Back to Cyndi Lee before I go off again. I read within the context of my experience. I can’t help that. But I also can learn. That I can help.

So Cyndi…  She wrote her memoir about why she hates or why “women” hate their bodies because she does and was taught to. As a “role model” to so many women, she thought it would help other women to explore this issue. Again, I had a hard time during the first part of the book because she is so successful and whining about her squishy parts (her term). This is a woman who does not have visible squishy parts. But she is also dealing with aging, and a mother who is dying, and a husband who has issues – let’s just leave it at that. These aspects of who she is, when taken as a fuller tapestry of who she is were fascinating and brave to speak about. I read on because I wanted to learn more about her. These other stories made her more vulnerable to me, as a reader. She puts herself out there and that is a brave thing to do.

But the most interesting aspect of the book and the main reason I read on was because she used a yogic filter for all of her experiences and that filter was fascinating. I teach in yoga class that we practice in class so that we can take it out into the world. She does this and uses herself as an example. She lives what she teaches and this direct application of yogic philosophy hooked me. Anything else would have been an interesting memoir but this raises it above that status and into another – at least if you’re a yogi or yogini.

One other thing from a writer’s perspective also caught my eye. She leaves out information about her relationship with her husband at a key point of the book which I will not reveal as it’s a spoiler for the memoir. But the absence of information is powerful in how it allows me to see her. Deep pain can be described or it can be inferred. It’s like in a movie when the director has a choice to either show the murder or show a shadow of the murder. Each can be powerful but what is  not shown is filled in by the imagination of the reader. Some readers of Cyndi’s memoir may get angry because she leaves this out. As a writer I was fascinated by the story the shadow told me.

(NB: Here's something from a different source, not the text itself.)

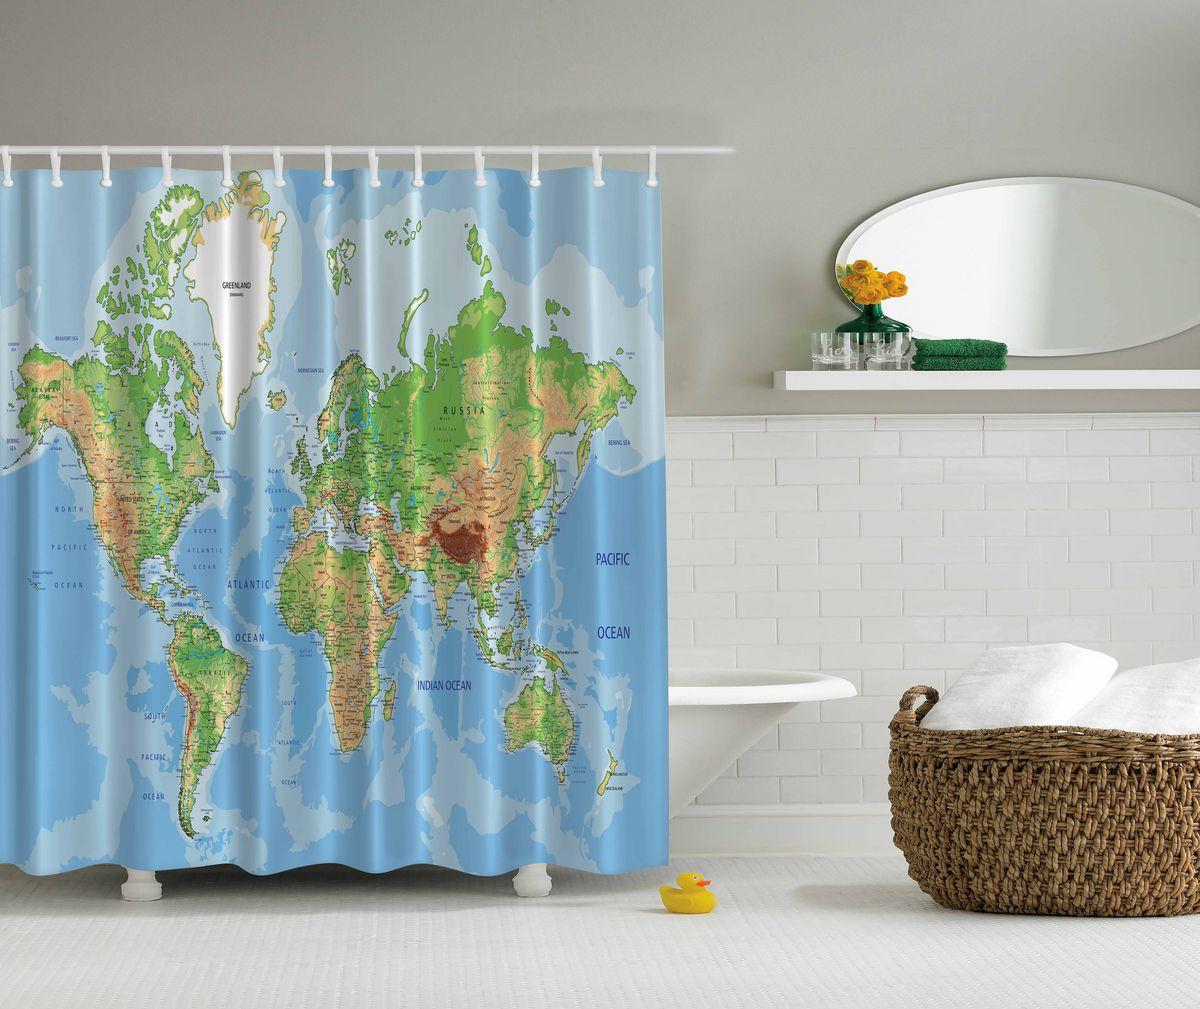 Штора для ванной комнаты Magic Lady Карта мира, 180 х 200 см. шв_4494

Now here’s a question for you. With a little punctuation, how many different meanings can you make with the title of this blog post?


Breaking Bread not Heads

ASK THE PASSENGERS by AS King

I finished Ask the Passengers a few days ago by A.S.King. I’ve been letting it percolate and settle. Her novels do that to me. I won’t tell you what the ending is but I will tell you it is perfect. I didn’t expect it, the way A.S.King wrote that ending – having her cake and eating it too. If you read the book, and I highly recommend you do as it’s wonderful, I’d like to know what you think about the ending.

But that’s not the only thing, however veiled I’m being about gobsmacking perfect endings, that I learned from her latest book. Actually all three of the books I’ve read of hers, Everybody Sees the Ants, and Please Ignore Vera Dietz, included, demonstrate a great narrative writer’s technique.

I’ll get back to it. Hold on.

I met a Flannery O’Connor award winning author early in my writing career (long aside in progress so watch out for piratical brussel sprouts) named Rita Ciresi. I met her at a writer’s conference in Connecticut – but I don’t remember the name of it as it was a good 20 years ago. In one of her workshops she said, “One of the things I like to do the most is put my characters in a room together and let them eat. All kinds of things happen.” Let them break bread not heads. Now I know you’re thinking, he couldn’t remember the name of the conference but he could remember what Ciresi said. Hmmm. Well, deal with it.

Now it’s back to Ask The Passengers. A.S.King uses meal time – who eats what, with whom, in what room, with what drinks – to paint a tapestry of relationships that are mostly dysfunctional – though watching how they change over the course of the book is one of the subtle joys of the story. They do dishes, cook sometimes, go out into the backyard, lie on the picnic table and stare at the planes passing overhead and send them the love they cannot give to the ones they want to. She is brilliant at creating situations at home that cause her characters to interact. As a writer and reader I watch and marvel at her ability to do this.